European Union presses for change of government in Italy

Region:

Following the example of Greece, Italy is also likely to soon be ruled by a technocratic government designated by the international banks. Prime Minister Silvio Berlusconi has called a cabinet meeting for Saturday evening, at which he is likely to tender his resignation. The favourite to succeed him is the politically non-aligned economist and former EU Commissioner, Mario Monti.

Berlusconi announced on Tuesday evening that he would resign if the Italian parliament adopted the austerity measures demanded by the EU. However, he did not specify a date. The financial markets were dissatisfied with this vague announcement, and on Wednesday interest rates for Italian bonds climbed to over 7 percent, making the refinancing of government debt virtually impossible.

The European Union also stepped up its pressure.

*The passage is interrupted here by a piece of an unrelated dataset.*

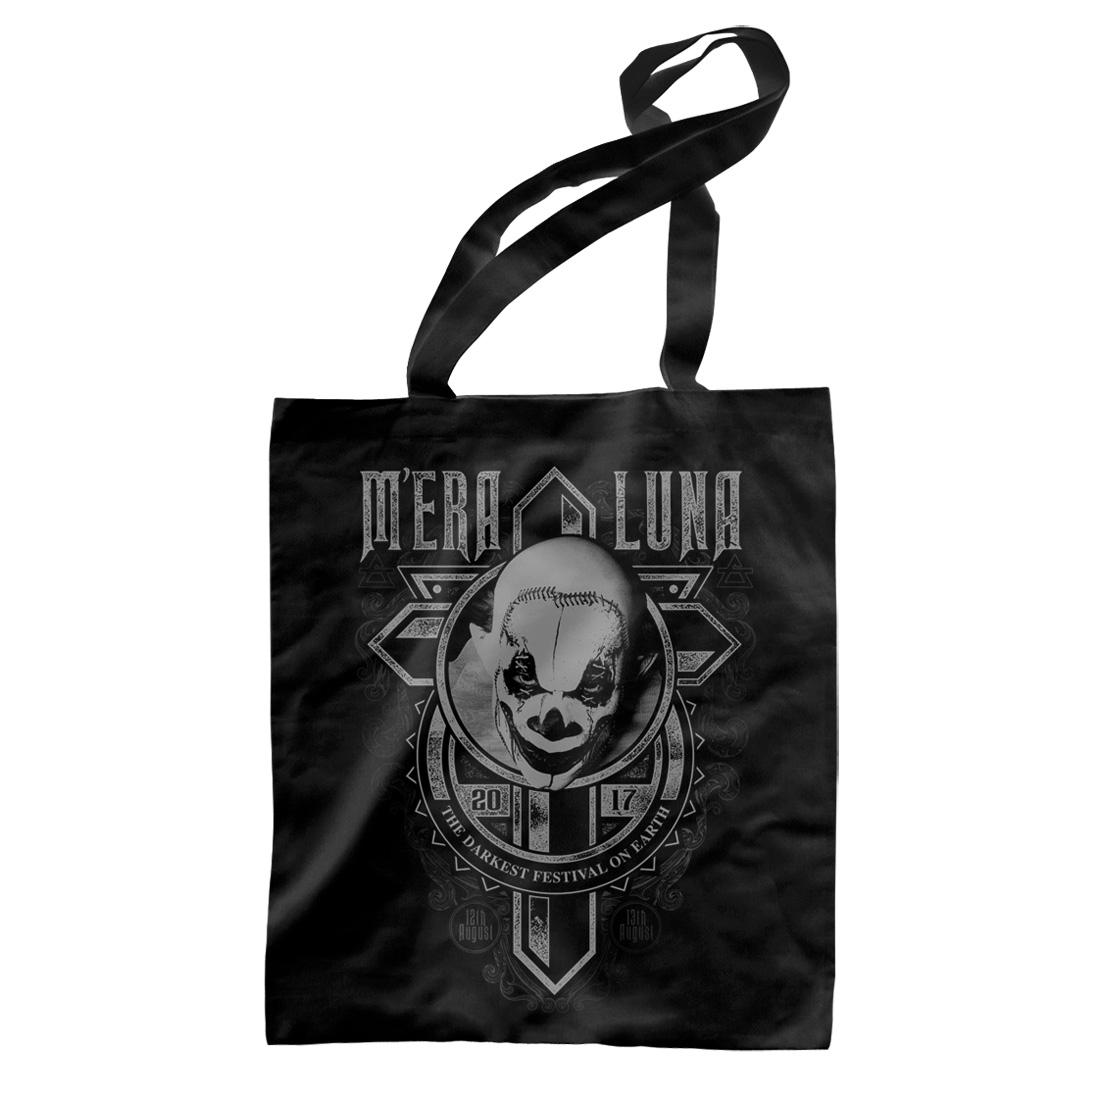 Clown Cross von Mera Luna Festival - Record Bag jetzt im My Festival Shop Shop

The head of the European bailout fund (EFSF), Klaus Regling, declared in an interview with European newspapers that the country needed “a functioning government as quickly as possible”. Italy had run “out of time to calm the markets”, he warned.

The Italian Parliament then stated it was willing to adopt the austerity package in summary proceedings. The package includes job cuts in the public sector, the deregulation of the labour market, and social cuts. Experts agree that these measures are only the prelude to further cuts.

On Friday, the Senate agreed to the austerity package by 156 votes to twelve. On Saturday it is expected that the House of Representatives will follow suit. This would pave the way for Berlusconi’s resignation; a new government could be formed as soon as next week.

The driving force behind the government reshuffle is President Giorgio Napolitano. He has repeatedly urged the government in recent months to implement the policies demanded by the EU. International government officials now regard him as a favoured partner for talks. At the recent G-20 summit in Cannes, German Chancellor Angela Merkel made a point of consulting Napolitano on the economic situation in Italy.

There is a historic irony attached to the prominence Napolitano now enjoys. The 86-year old joined the Italian Communist Party in 1945—at a time when, due to pressure from the NATO powers, the party was repeatedly excluded from government, despite the fact that it was Italy’s biggest party. The EU and US now depend on this veteran Stalinist functionary to ensure that Italy complies with the dictates of the financial markets.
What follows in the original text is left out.